Potentially Useful or Beneficial mHealth Apps

All providers endorsed mHealth apps to be potentially useful or beneficial for patients (Figure 1). Most providers perceived mental health and wellness apps to be potentially useful (153/188, 81.4%). Other types of mHealth apps that were perceived as potentially useful were telehealth and virtual consultation (151/188, 80.3%), communication with the medical team (150/188, 79.8%), exercise and physical activity (136/188, 72.3%), social support (134/188, 71.3%), health monitoring and medical symptom tracking (133/188, 70.7%), medication management (131/188, 69.7%), and sleep health (130/188, 69.1%).
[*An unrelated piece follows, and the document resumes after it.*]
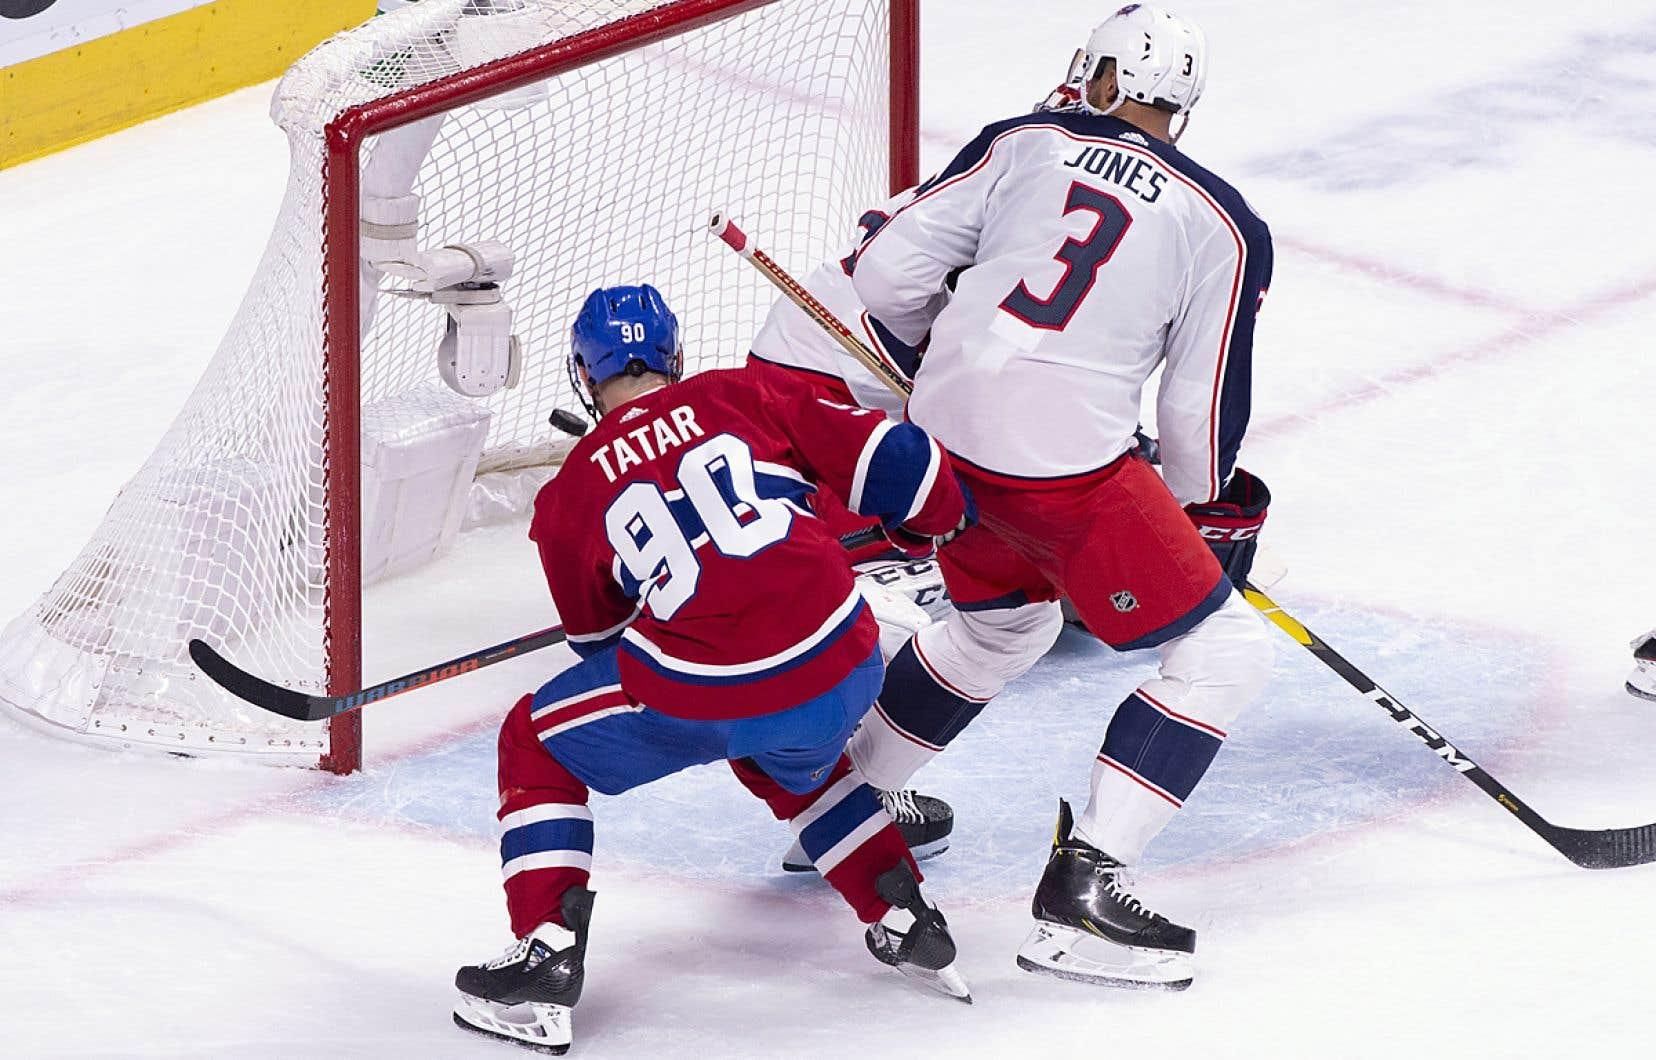 Tomas Tatar du Canadien marque un but en déjouant le gardien Sergei Bobrovsky et le défenseur Seth Jones des Blue Jackets lors d'un match à Montréal, en février dernier.

Although providers predominantly used mHealth apps for patient communication (eg, medical team communication, telehealth), they endorsed interest in prescribing mHealth apps for a broad range of holistic care functions.

Interest in a wide array of psychosocial support functions was fairly consistent across medical and psychosocial providers (Figure 2 and Figure 3, respectively). Medical providers (73/90, 81.1%) were significantly more likely than psychosocial providers (52/89, 58.4%) to perceive medication management apps as potentially beneficial for their patients (χ21=10.93, P<.001, φ=0.25). Medical providers (31/90, 34.4%) were significantly more likely than psychosocial providers (17/89, 19.1%) to perceive energy therapy apps as potentially beneficial (χ21=5.37, P=.02, φ=0.17). In contrast, psychosocial providers (69/89, 77.5%) were significantly more likely than medical providers (54/90, 60%) to endorse sleep health apps as potentially helpful for their patients (χ21=6.40, P=.01, φ=0.19). All other chi-square analyses comparing medical and psychosocial provider groups were nonsignificant.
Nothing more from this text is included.